1627-1809: Adeler and Berner families
 
A village by the same name was until the middle of the 18th century located at the site. The village and all its land was from 1728 owned by Friederich Adeler. In 1756, he was granted royal permission to dissolve the village and merge all the land into a single manor. Adeler's father, Frederik Christian von Adeler, was a major landowner who had also served as amtmann of Roskilde, Tryggevælde and finally Zealand. His grandfather was Cort Adeler.

 
Adeler had inherited the esta Egemarke after his father.  In 1759, he was sent to Norway as amtmann. He then ceded Algestrup and Egemærke to  his son-in-law, Helmuth Gotthardt von Barner. A military officer, Barner reached the rank of lieutenant-colonel in 1756 and colonel in 1769.

Berner's wife, Louise Christiane von Adeler, died just 28 years old in May 1759. He was later married second time with Henriette Margrethe von Lente-Adeler, a daughter of Theodor von Lente-Adeler of Lykkesholm and Leopoldine Cathrine Jørgensdatter Rosenkrantz. Sje kept the estate after her husband's death. In 1773, she ceded it to their son Theodor von Barner.

1809-1867: Changing owners
Johannes Schartau, a merchant from Copenhagen, purchased the estate in 1809. He was like many others hit by the economic crisis of the 1810s and in 1823 Algestrup was sold in a forced sale. The buyer was the crown and a new main building was subsequently built on the estate.

In 1842, Algestrup was again sold in a public auction. The buyer was this time timber merchant Hans Hansen. In 1854, Algestrup was sold to  Vilhelm Maag.

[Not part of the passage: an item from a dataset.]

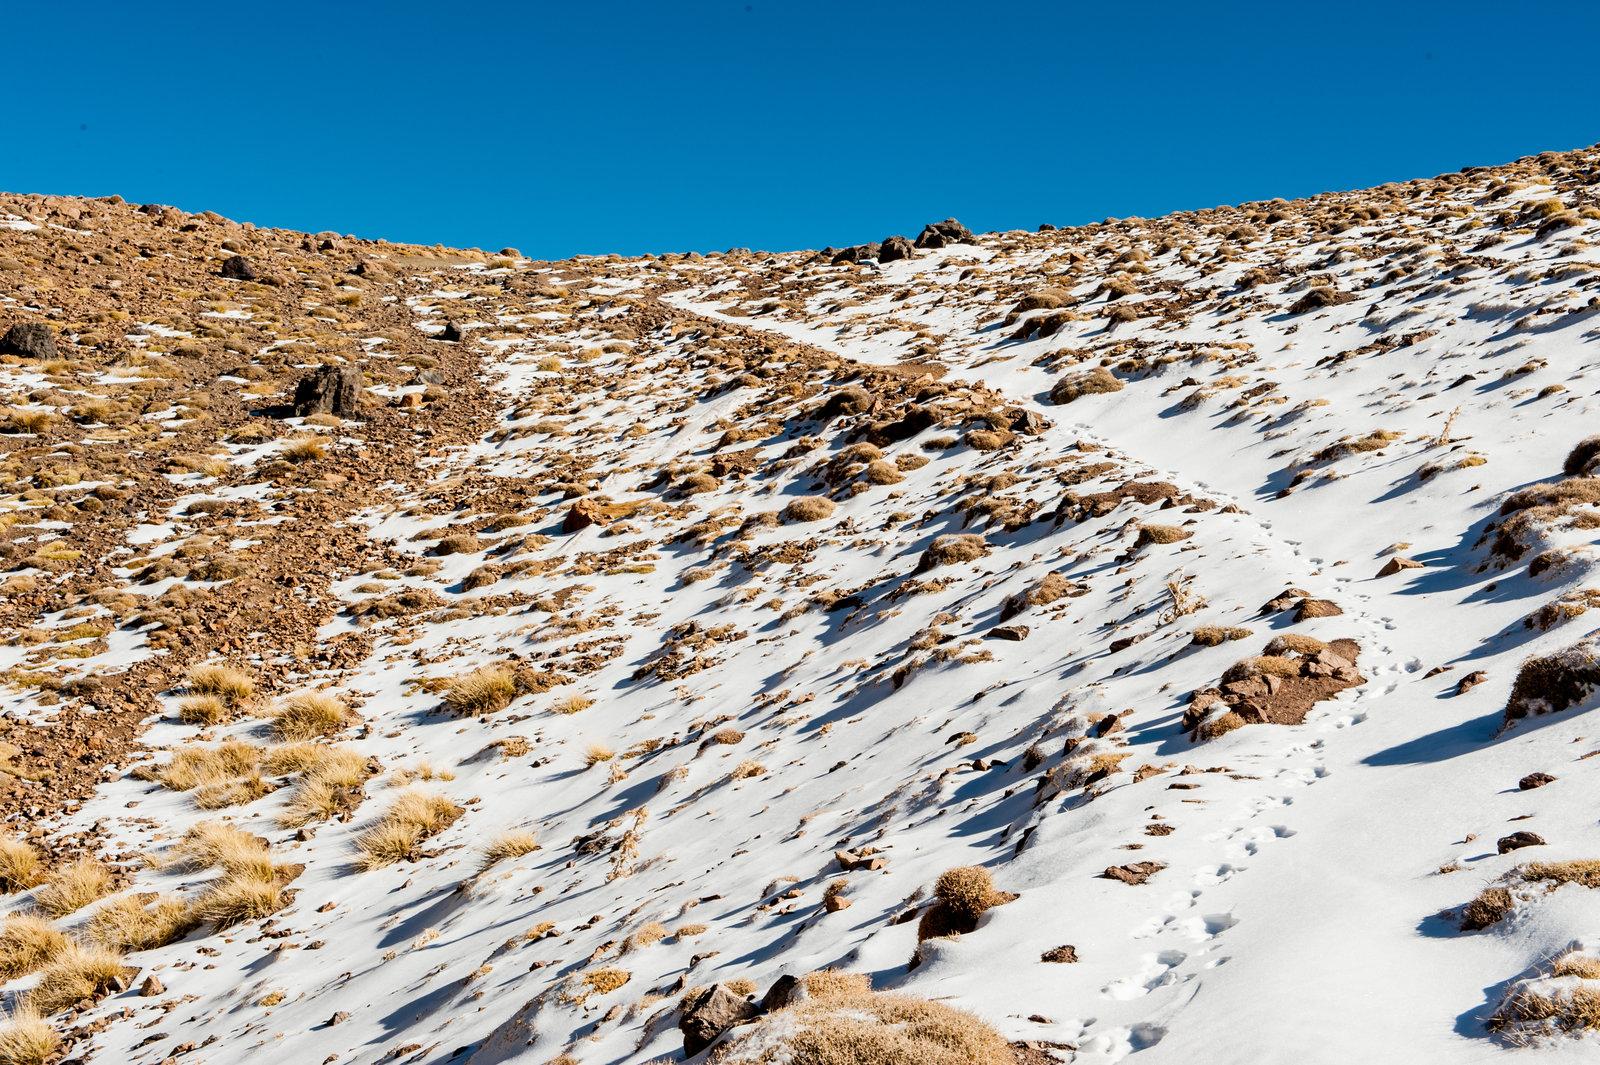 maroko-antyatlas-trekking-marrakesz-12

1867-present: Lemvigh family
Jacob Christian Henrik Lemvigh, the son of a parish priest in Krummestrup and Fuglebjerg, purchased Algestrup in 1867. He and his wife  sband of Christine Sophie Steenbach had two children, Christian Henrik Lemvigh and Elisabeth Charlotte Lemvigh.  Christian Henrik Lemvigh leased Holtegaard before acquiring Algistrup Manor in 1913. Elisabeth Charlotte Lemvigh took over Algestrup following her father's death in 1919. She left the estate to her niece, Edith Hedemann Lemvigh, who in turn left it to her nephew Ib Holger Lemvigh (1929-2015). He was succeeded by his son of the same name.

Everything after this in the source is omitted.